Limit of sum and inequality: $\sum_{k=m}^{u}\frac{1}{(2k-1)^2}<\frac{2}{m^2}$

Question

There are some m such that $$\sum_{k=m}^{u}\frac{1}{(2k-1)^2}<\frac{2}{m^2}$$

with $\displaystyle \forall u>m$?

Answer 1

This is probably off-topic.

Writing $u=m+p$ (with $p>0$), let us consider the function $$f(m,p)=\frac{2}{m^2}-\sum_{k=m}^{m+p}\frac{1}{(2k-1)^2}$$ which write $$f(m,p)=\frac{2}{m^2}-\frac{1}{4} \left(\psi ^{(1)}\left(m-\frac{1}{2}\right)-\psi ^{(1)}\left(m+p+\frac{1}{2}\right)\right)$$ where appears the polygamma function.

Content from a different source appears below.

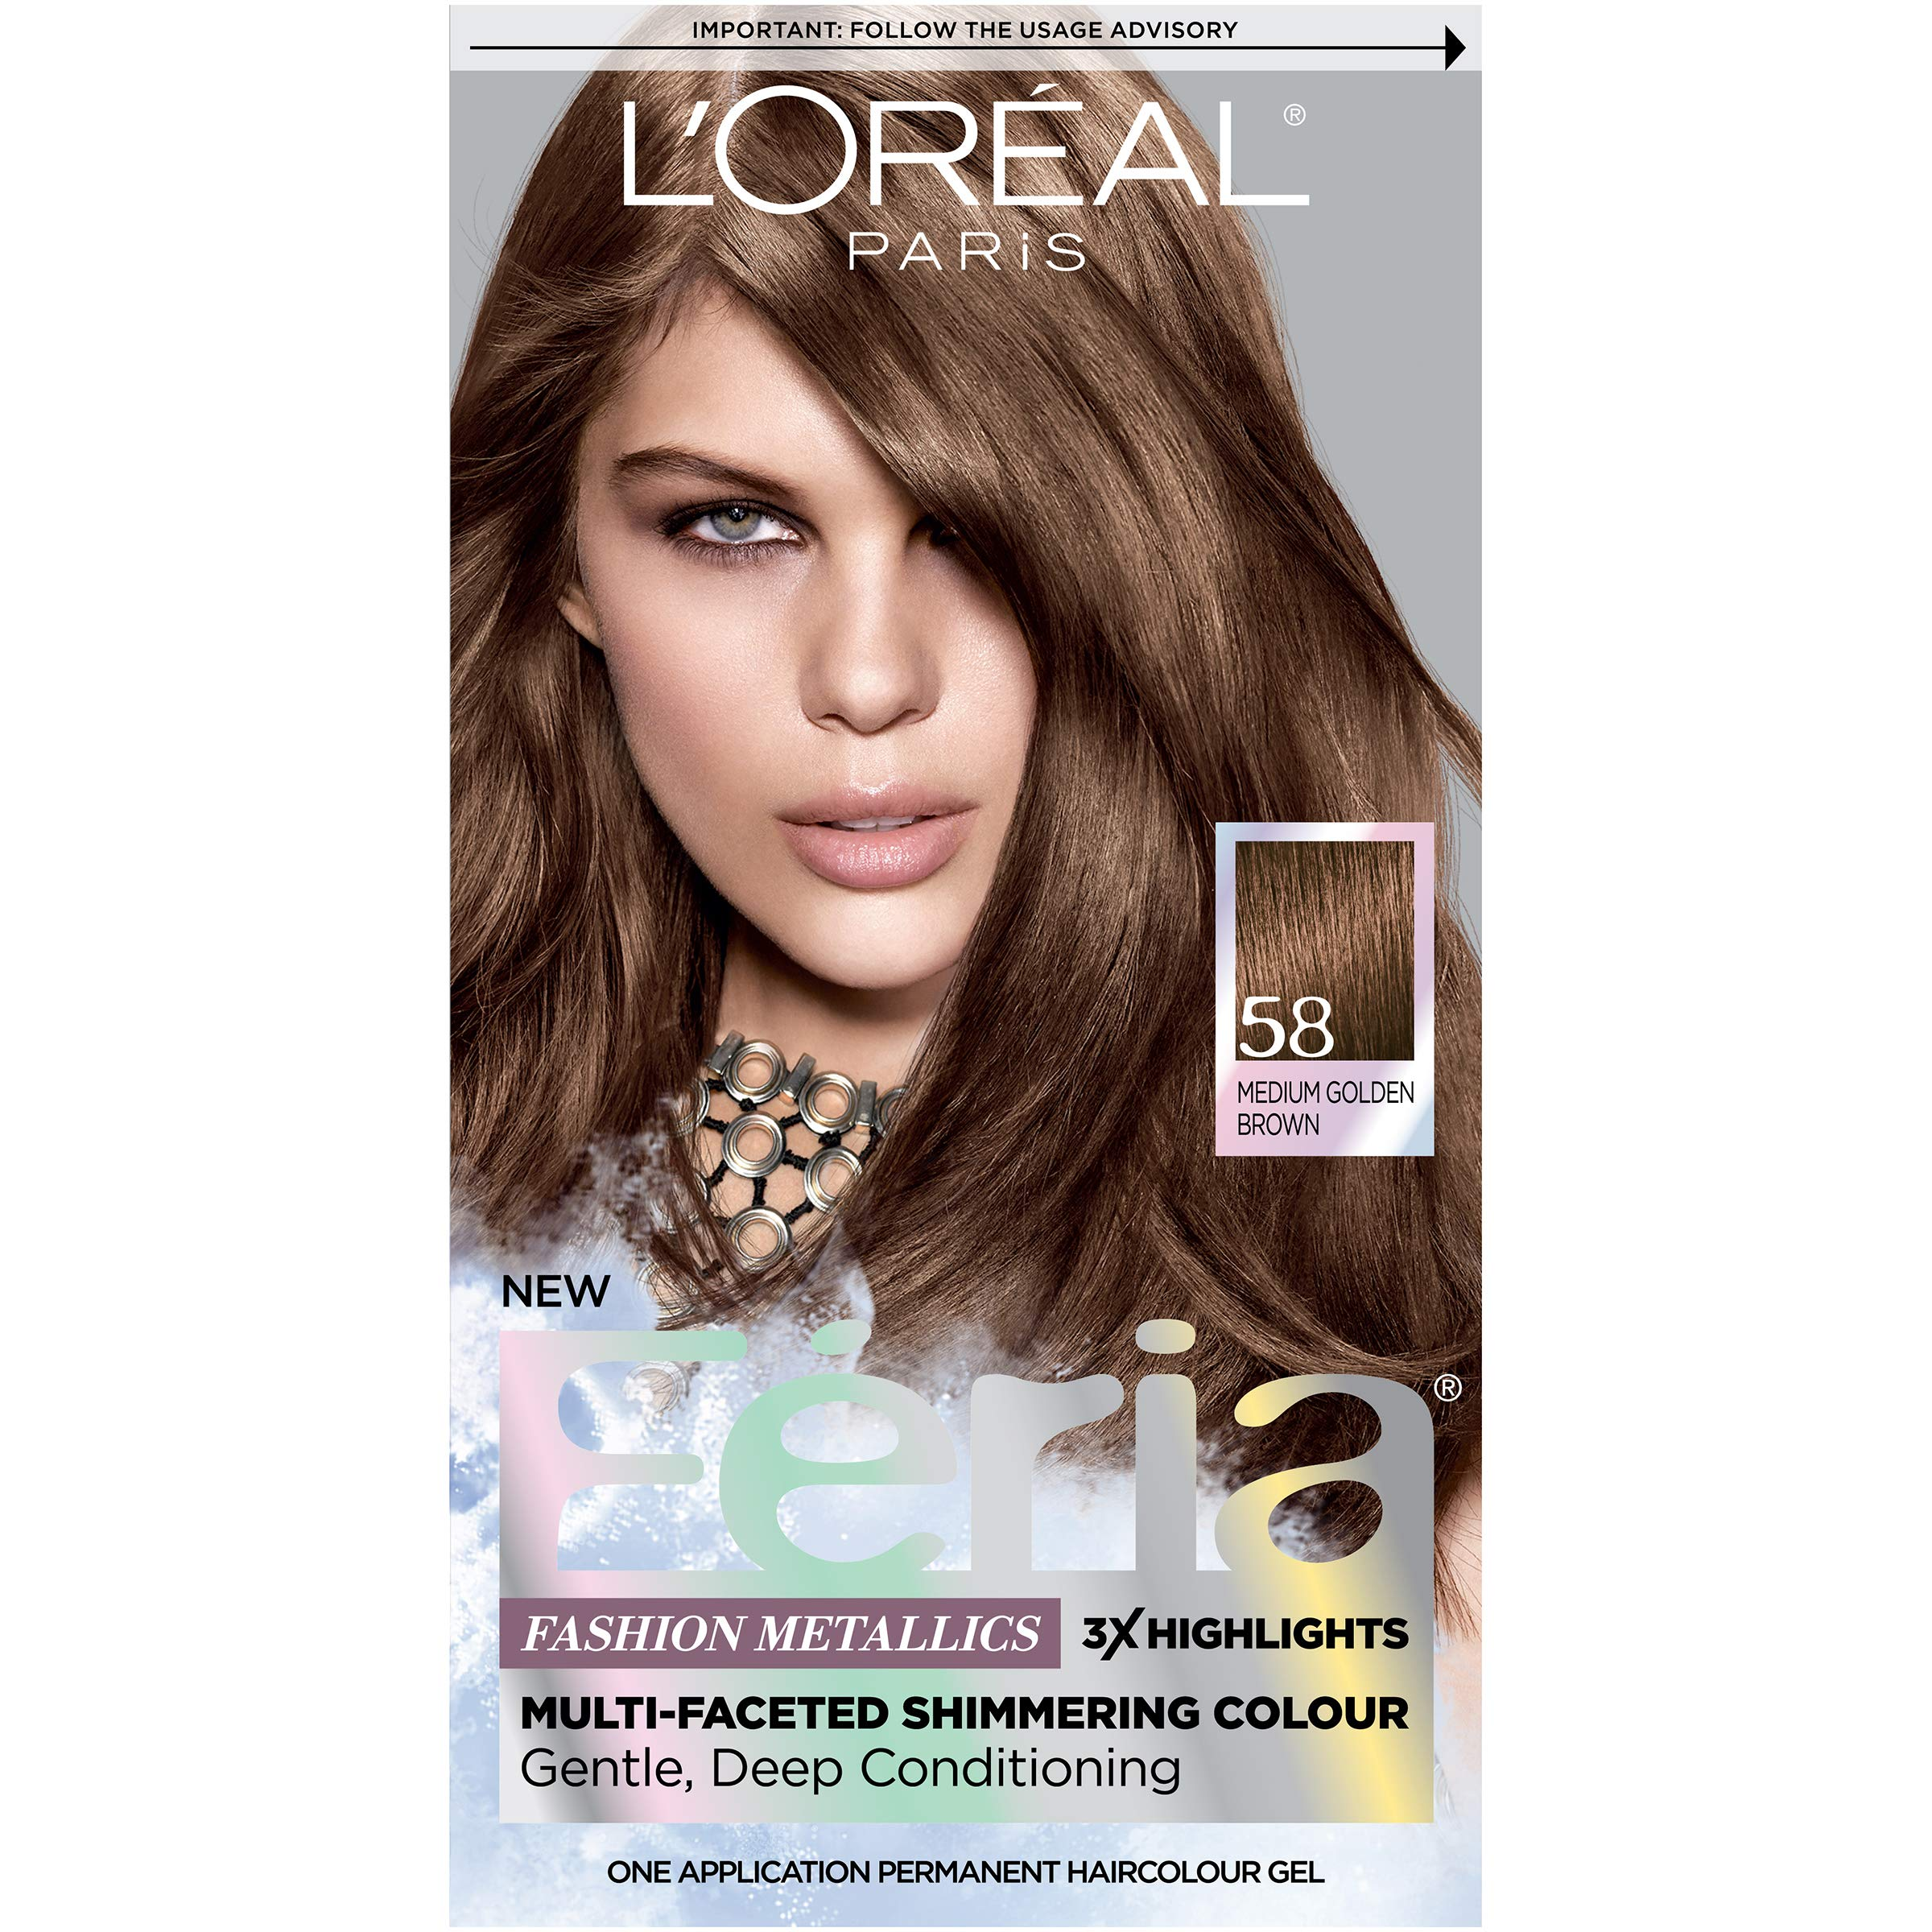 L'Oréal Paris Feria Multi-Faceted Shimmering Permanent Hair Color, 58 Bronze Shimmer (Medium Golden Brown), 1 kit Hair Dye

What it seems is that, for low values of $m$, $f(m,p)>0$ whatever $p$ could be. Below are given some limits when $p\to \infty$. $$\left( \begin{array}{ccc} m & \lim_{p\to \infty } \, f(m,p) & \approx \\ 1 & 2-\frac{\pi ^2}{8} & +0.766299 \\ 2 & \frac{3}{2}-\frac{\pi ^2}{8} & +0.266299 \\ 3 & \frac{4}{3}-\frac{\pi ^2}{8} & +0.099633 \\ 4 & \frac{2297}{1800}-\frac{\pi ^2}{8} & +0.042411 \\ 5 & \frac{13798}{11025}-\frac{\pi ^2}{8} & +0.017819 \\ 6 & \frac{245963}{198450}-\frac{\pi ^2}{8} & +0.005720 \\ 7 & \frac{14803024}{12006225}-\frac{\pi ^2}{8} & -0.000755 \\ 8 & \frac{79817814617}{64929664800}-\frac{\pi ^2}{8} & -0.004404 \\ 9 & \frac{166001126}{135270135}-\frac{\pi ^2}{8} & -0.006518 \\ 10 & \frac{1437785878979}{1172792070450}-\frac{\pi ^2}{8} & -0.007749 \end{array} \right)$$

So, for $m>6$, it exists a value of $p$ which makes $f(m,p) <0$.